■ STORED DATA
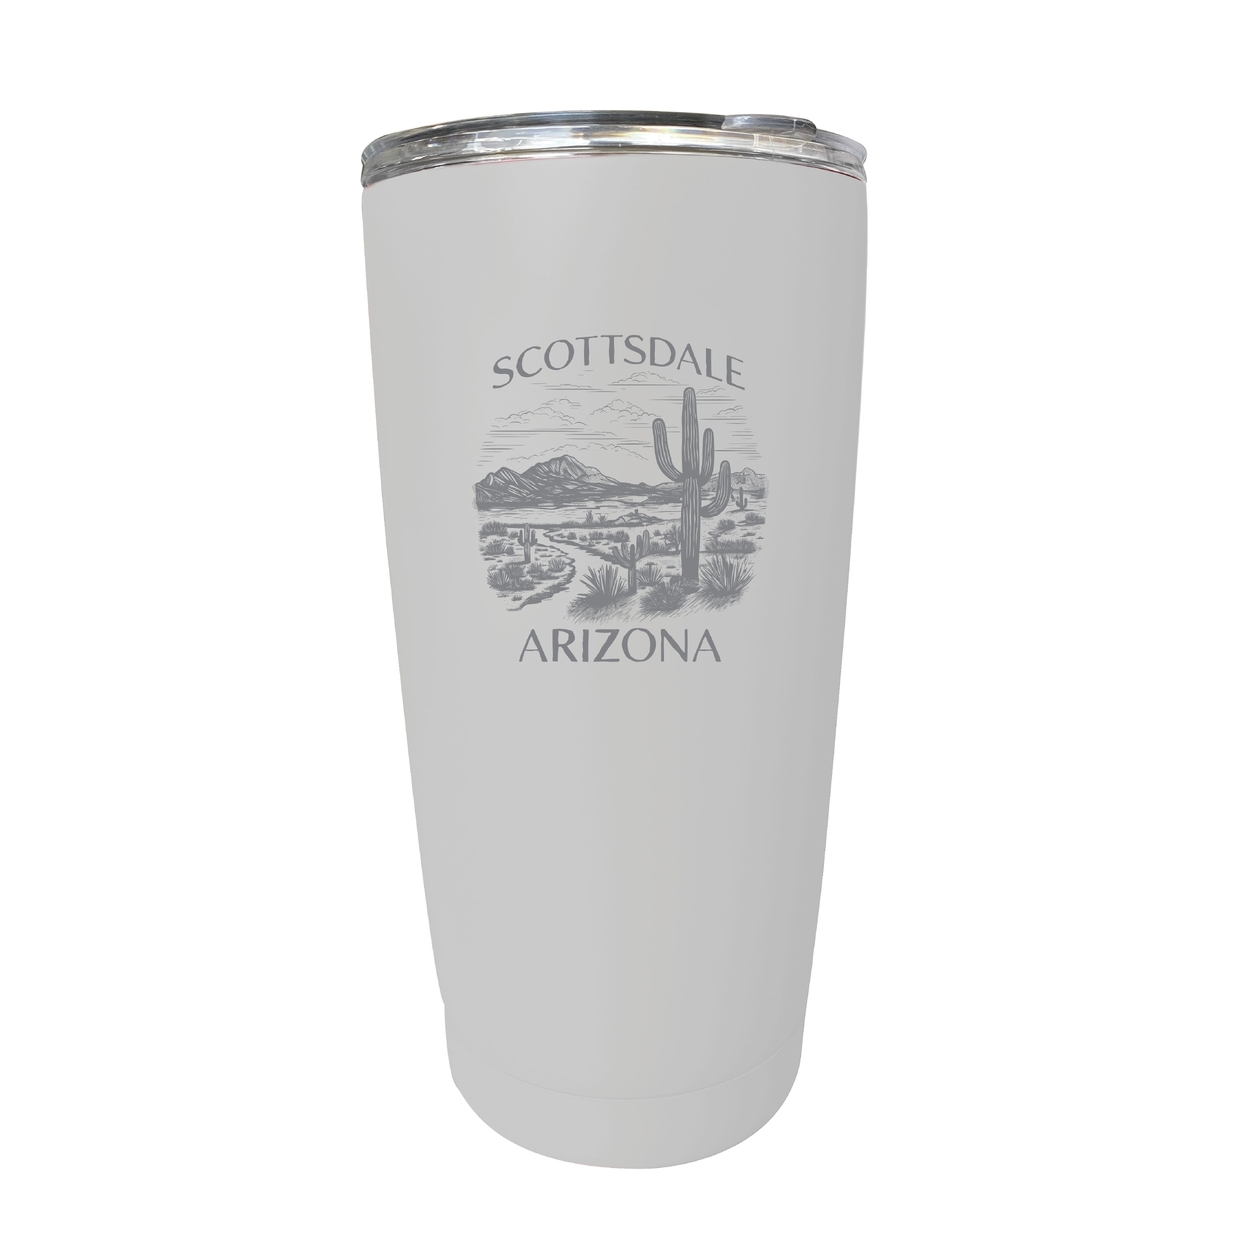 Scottsdale Arizona Souvenir 16 Oz Engraved Stainless Steel Insulated Tumbler - Red,,4-Pack
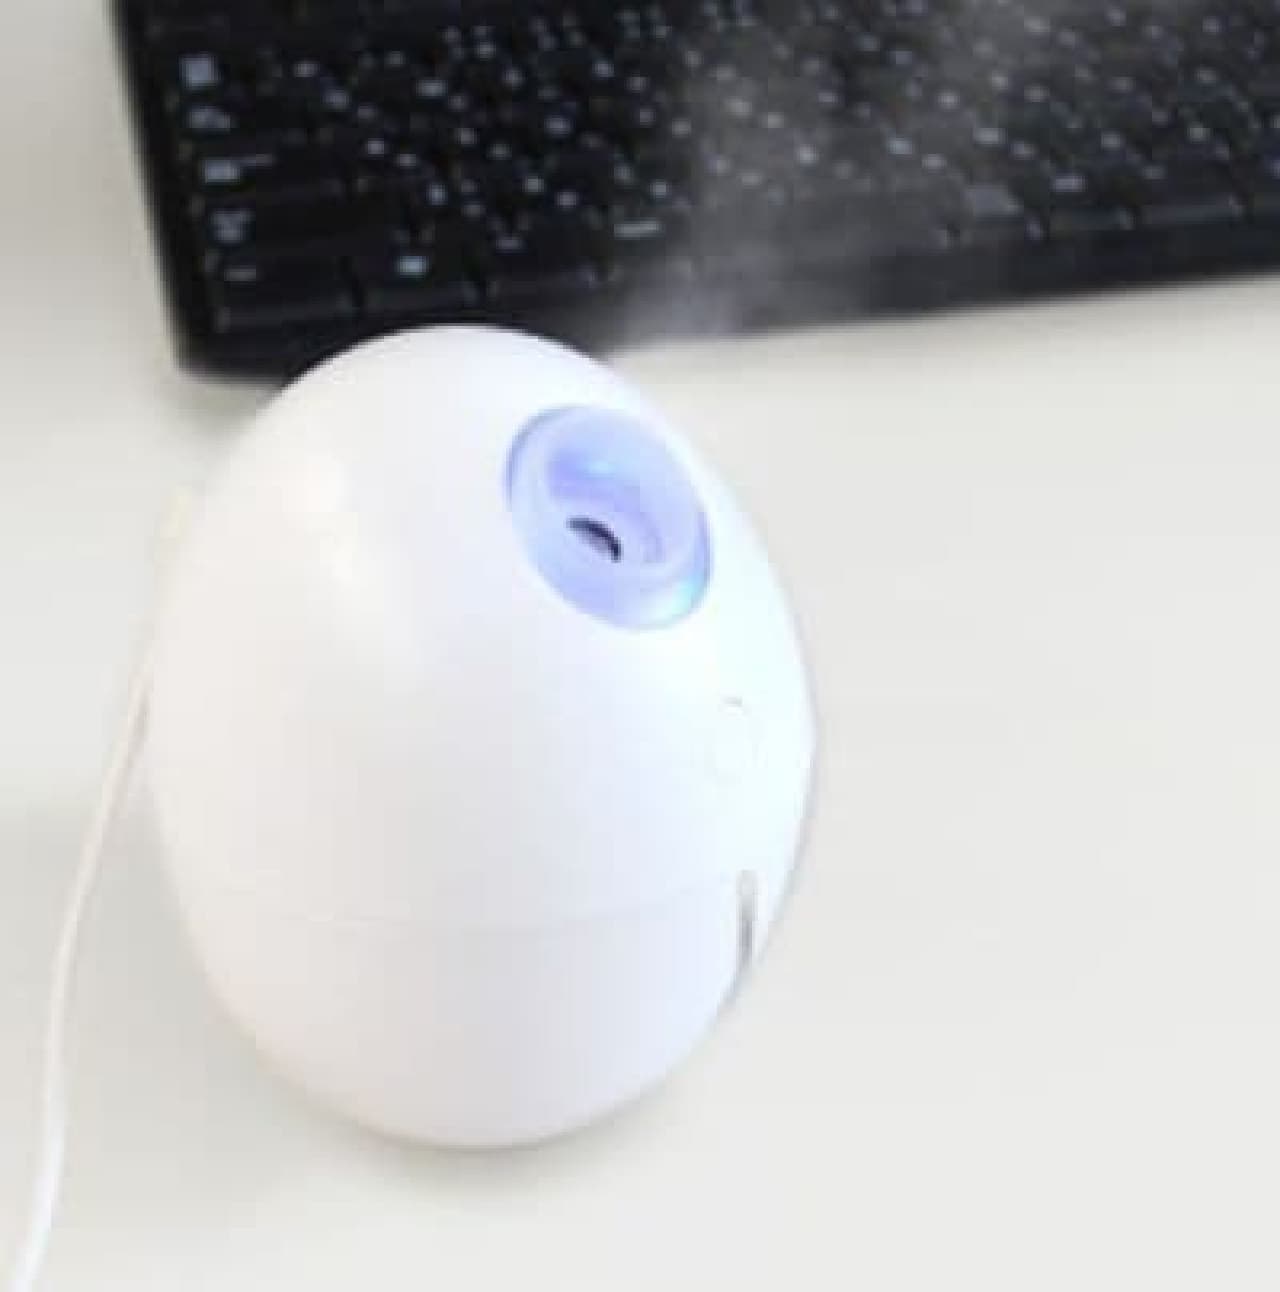 Released "Egg-shaped USB humidifier"
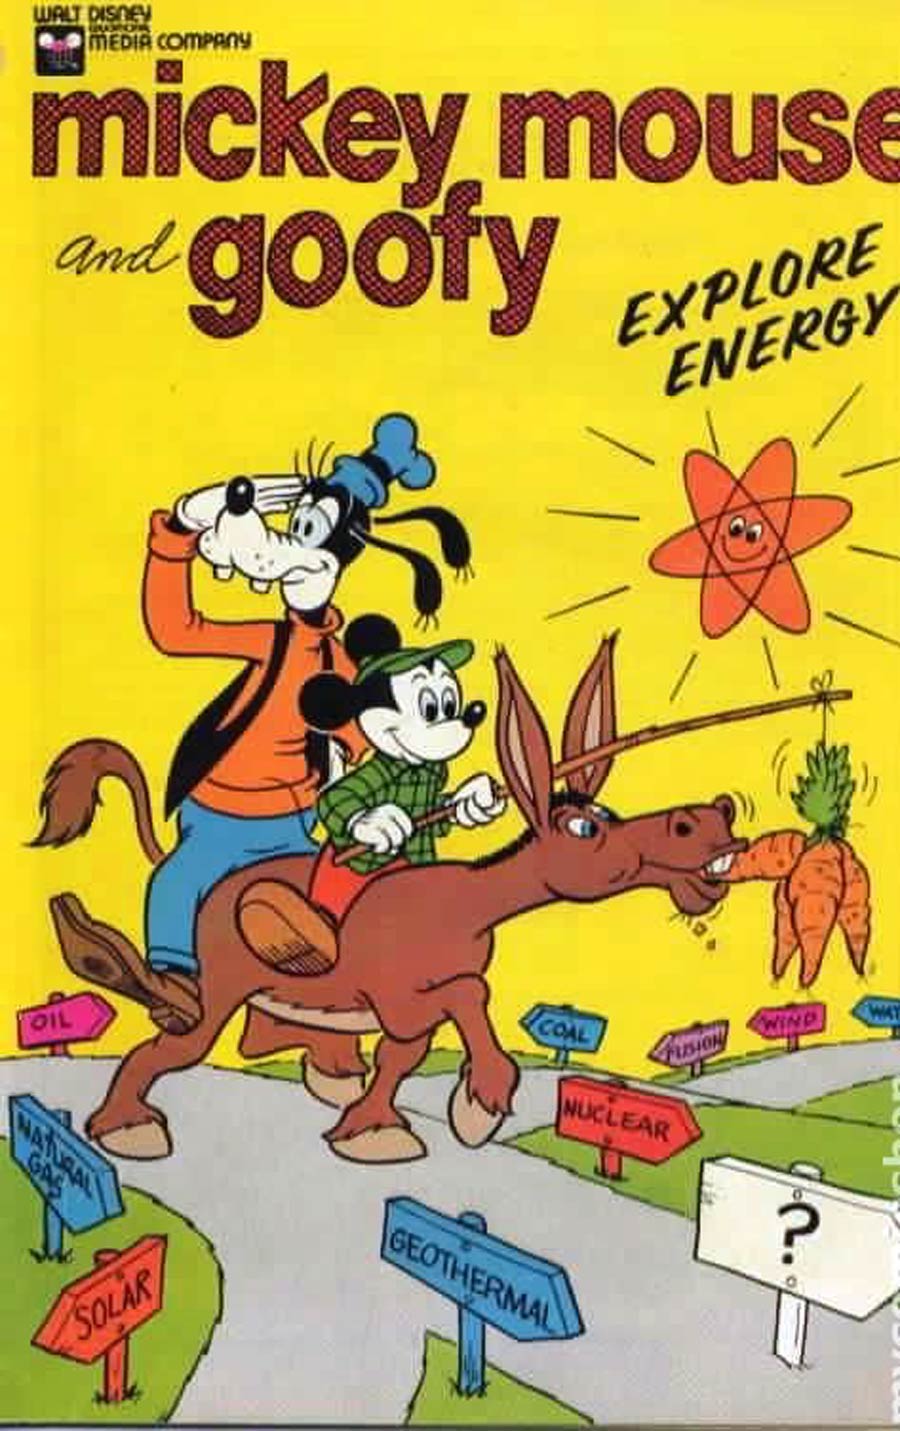 Mickey Mouse And Goofy Explore Energy Exxon Giveaway (1976-1978)
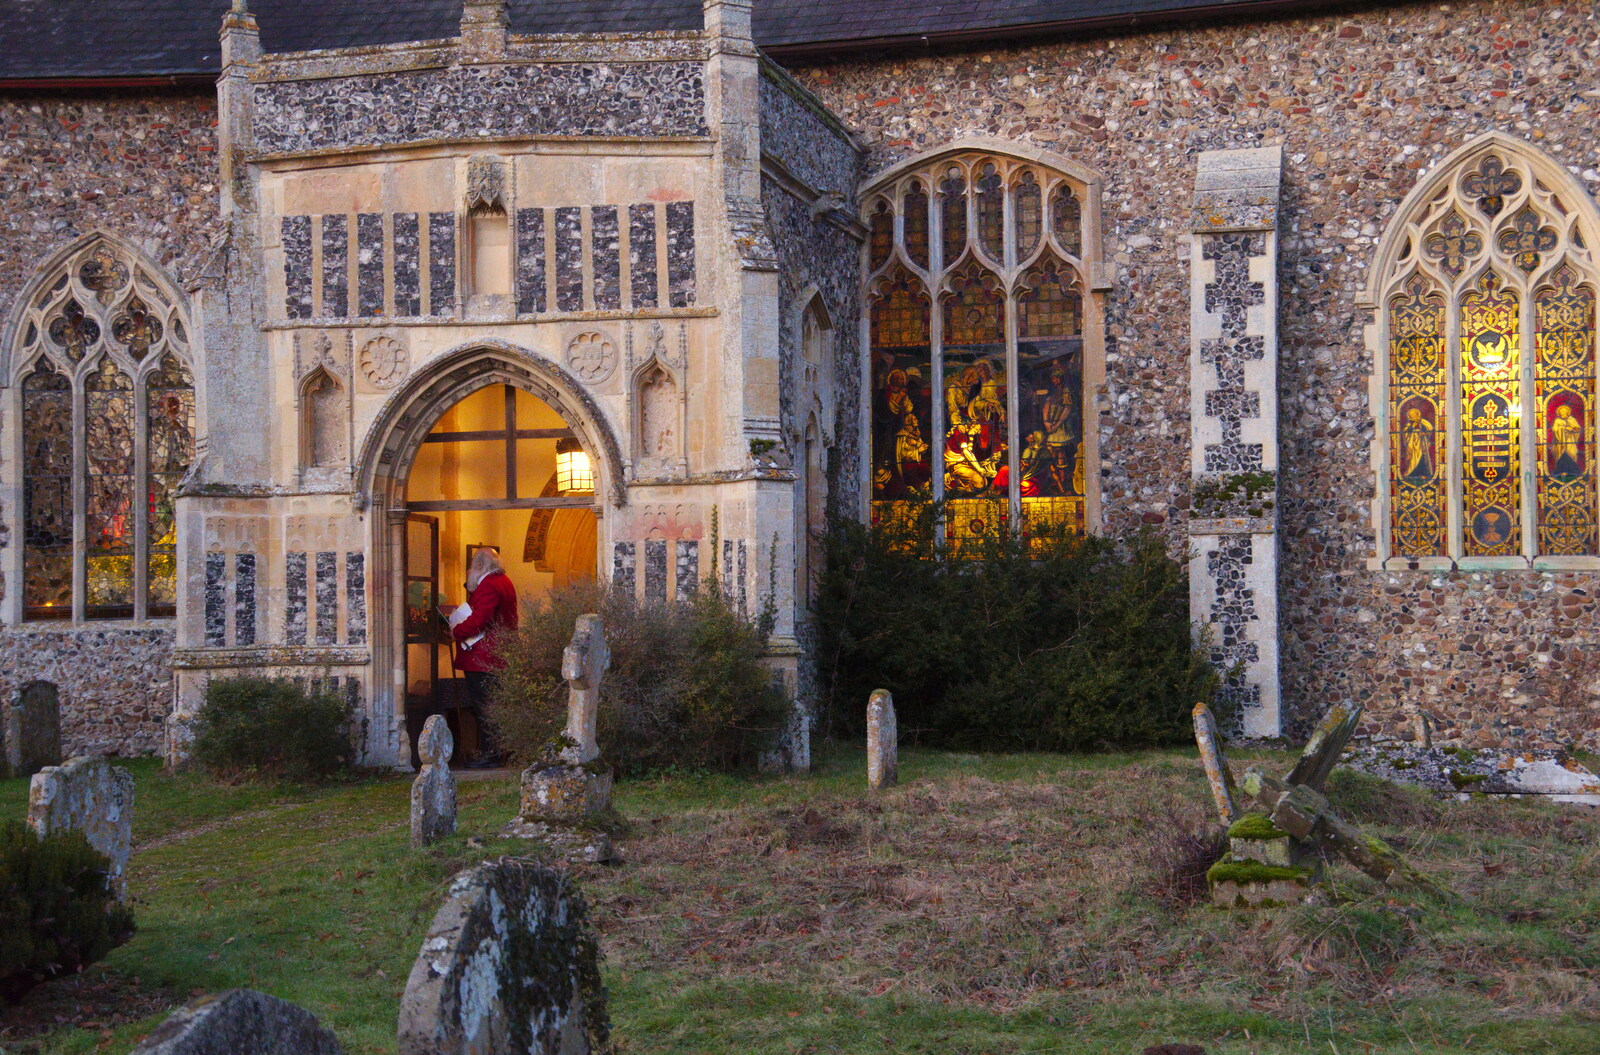 There's a nice glow through stained-glass windows from The GSB at Thornham Magna and Yaxley Cherry Tree, Suffolk - 15th December 2019

■ HOW TO COMPLETE THIS TASK
Transcribe all data precisely. Pictures are not copied.

■ SOLVED PROBLEM
 Scottsdale Arizona Souvenir 16 Oz Engraved Stainless Steel Insulated Tumbler - Red,,4-Pack
 Released "Egg-shaped USB humidifier"
 Mickey Mouse And Goofy Explore Energy Exxon Giveaway (1976-1978)
 There's a nice glow through stained-glass windows from The GSB at Thornham Magna and Yaxley Cherry Tree, Suffolk - 15th December 2019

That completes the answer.